Redis - Run slow background blocking task from asyncio loop

Sab0tag3d
October 2, 2020
253 views
1 vote
2 Answers

I have asyncio crawler, that visits URLs and collects new URLs from HTML responses. I was inspired that great tool: https://github.com/aio-libs/aiohttp/blob/master/examples/legacy/crawl.py

Here is a very simplified piece of workflow, how it works:

import asyncio
import aiohttp

class Requester:

    def __init__(self):
        self.sem = asyncio.BoundedSemaphore(1)

    async def fetch(self, url, client):

            async with client.get(url) as response:
                data = (await response.read()).decode('utf-8', 'replace')
                print("URL:", url, " have code:", response.status)
                return response, data

    async def run(self, urls):
        async with aiohttp.ClientSession() as client:
            for url in urls:
                await self.sem.acquire()
                task = asyncio.create_task(self.fetch(url, client))
                task.add_done_callback(lambda t: self.sem.release())

    def http_crawl(self, _urls_list):
        loop = asyncio.get_event_loop()
        crawl_loop = asyncio.ensure_future(self.run(_urls_list))
        loop.run_until_complete(crawl_loop)

r = Requester()
_url_list = ['https://www.google.com','https://images.google.com','https://maps.google.com','https://mail.google.com','https://news.google.com','https://video.google.com','https://books.google.com']
r.http_crawl(_url_list)

What I need now is to add some very slow beautifulsoap based function.

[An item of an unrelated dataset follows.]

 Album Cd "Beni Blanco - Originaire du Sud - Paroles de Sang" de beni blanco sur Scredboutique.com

I need that function do not block main loop and work as background process. For instance, I will handle HTTP responses.

I read python docs about it and found that: https://docs.python.org/3/library/asyncio-eventloop.html#asyncio.loop.run_in_executor

I tried to add it to my code, but it does not work as should (I use cpu_bound only for demo):

import asyncio
import aiohttp
import concurrent.futures

def cpu_bound():
    return sum(i * i for i in range(10 ** 7))

class Requester:

    def __init__(self):
        self.sem = asyncio.BoundedSemaphore(1)

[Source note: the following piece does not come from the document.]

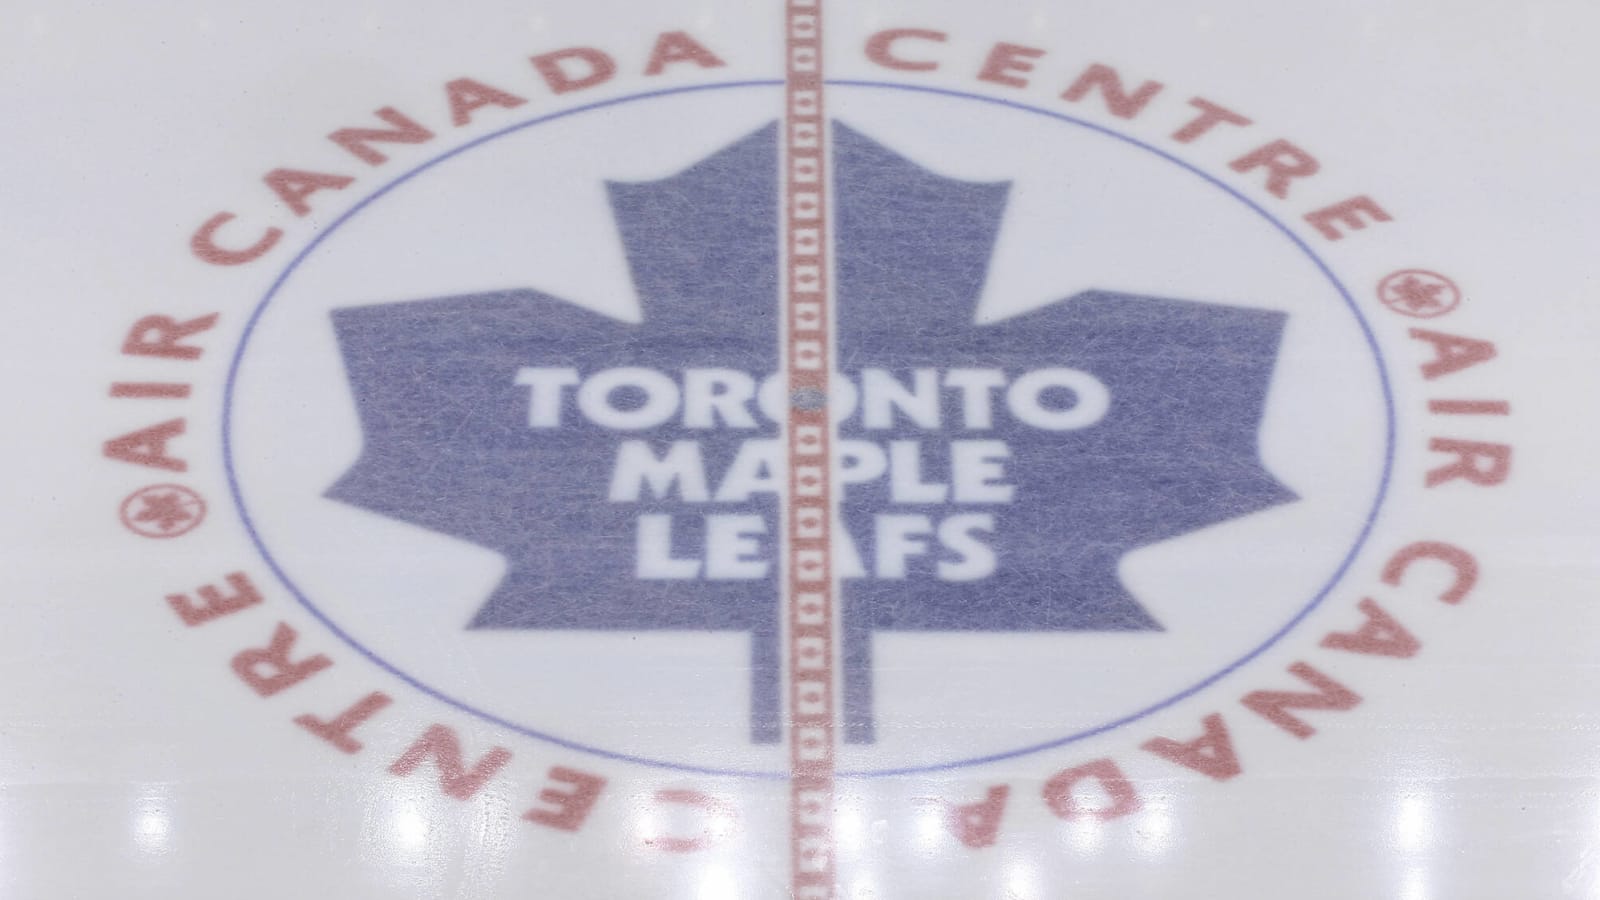 Battling brain tumor, Rodion Amirov lifts up his Toronto Maple Leafs teammates

    async def fetch(self, url, client):

            async with client.get(url) as response:
                data = (await response.read()).decode('utf-8', 'replace')
                print("URL:", url, " have code:", response.status)
                ####### Blocking operation #######
                loop = asyncio.get_running_loop()
                with concurrent.futures.ProcessPoolExecutor() as pool:
                    result = await loop.run_in_executor(pool, cpu_bound)
                    print('custom process pool', result)
                #################################
                return response, data

    async def run(self, urls):
        async with aiohttp.ClientSession() as client:
            for url in urls:
                await self.sem.acquire()
                task = asyncio.create_task(self.fetch(url, client))
                task.add_done_callback(lambda t: self.sem.release())

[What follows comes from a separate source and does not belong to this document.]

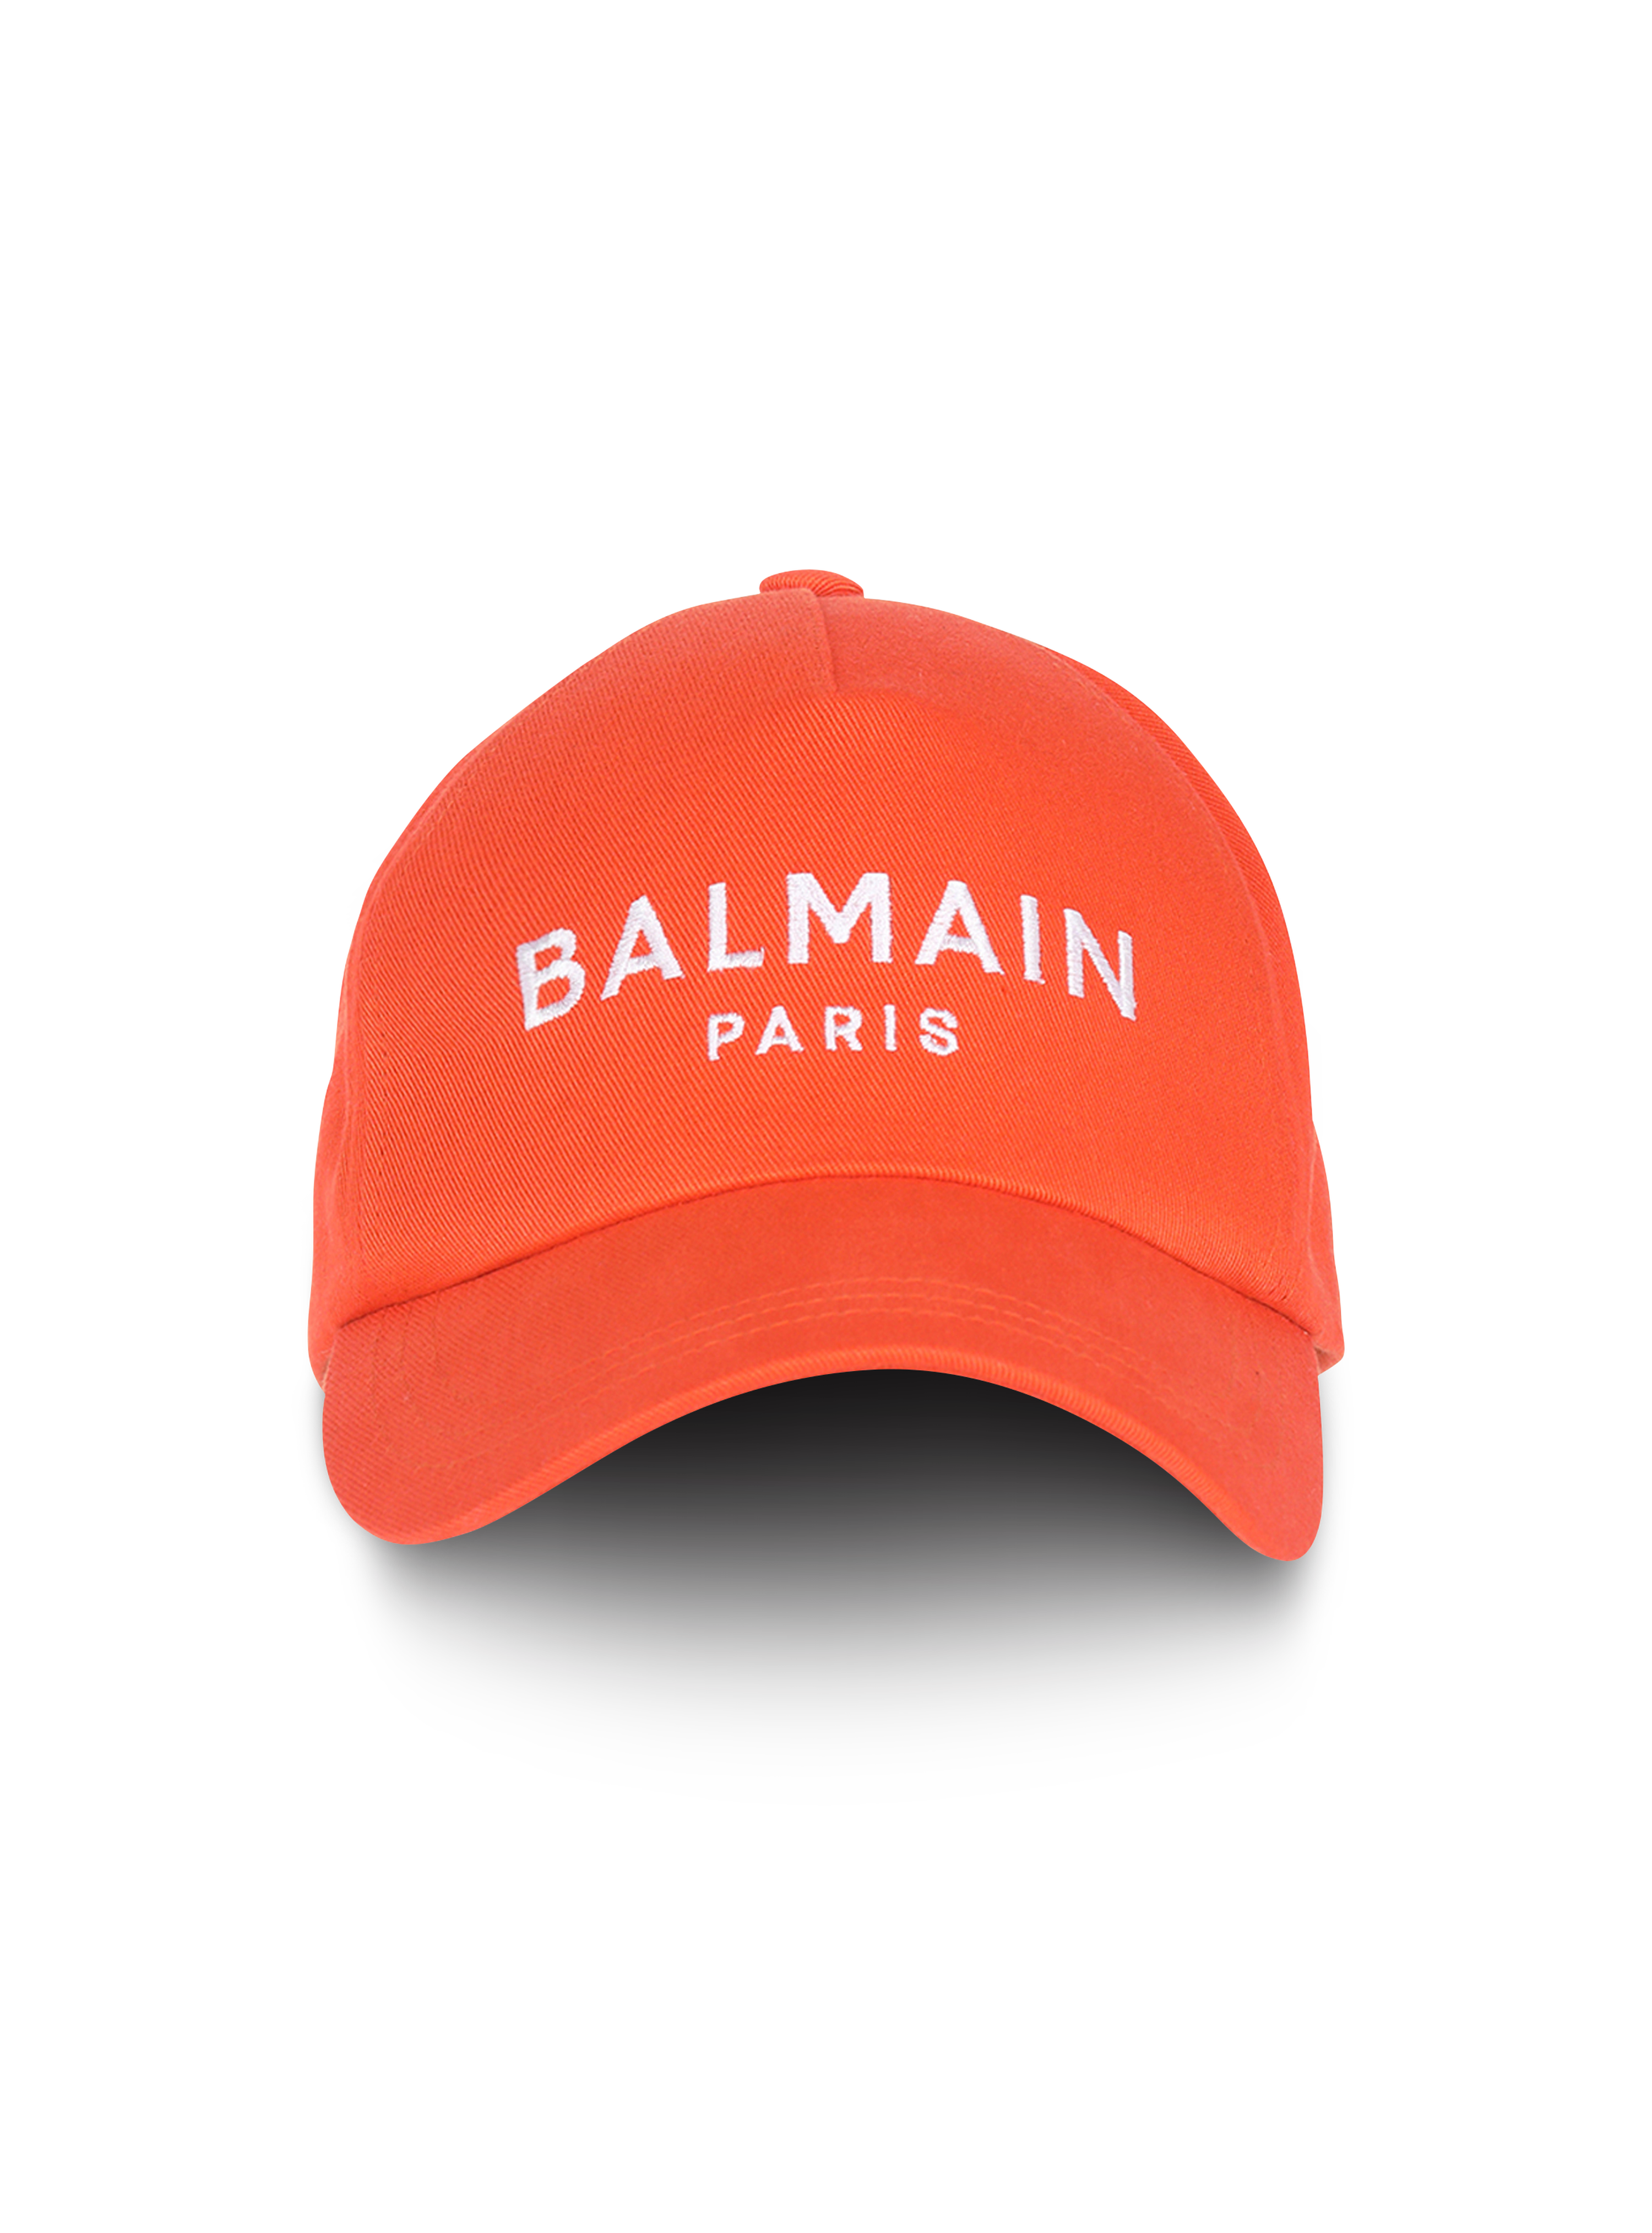 Cotton cap with Balmain logo, orange

    def http_crawl(self, _urls_list):
        loop = asyncio.get_event_loop()
        crawl_loop = asyncio.ensure_future(self.run(_urls_list))
        loop.run_until_complete(crawl_loop)

r = Requester()
_url_list = ['https://www.google.com','https://images.google.com','https://maps.google.com','https://mail.google.com','https://news.google.com','https://video.google.com','https://books.google.com']
r.http_crawl(_url_list)

For now, it doesn’t work as expected, it blocks HTTP requests every time:

URL: https://www.google.com  have code: 200
custom process pool 333333283333335000000
URL: https://images.google.com  have code: 200
custom process pool 333333283333335000000
URL: https://maps.google.com  have code: 200
custom process pool 333333283333335000000
URL: https://mail.google.com  have code: 200
custom process pool 333333283333335000000
URL: https://news.google.com  have code: 200
custom process pool 333333283333335000000
URL: https://video.google.com  have code: 200
custom process pool 333333283333335000000

How to correctly put the task in the background inside the main asyncio process?

Are there best practices on how to do that in a simple way, or I should use Redis for task planning?

Answers

Chosen as BEST ANSWER

I would also upload code that works for me. It is two independent async queues, and one of them spawn high-CPU consumption process in a separate loop:

import asyncio
import functools
import aiohttp
import concurrent.futures

def cpu_bound(num):
    return sum(i * i for i in range(10 ** num))

class Requester:

    def __init__(self):
        self.threads = 3
        self.threads2 = 10
        self.pool = concurrent.futures.ProcessPoolExecutor()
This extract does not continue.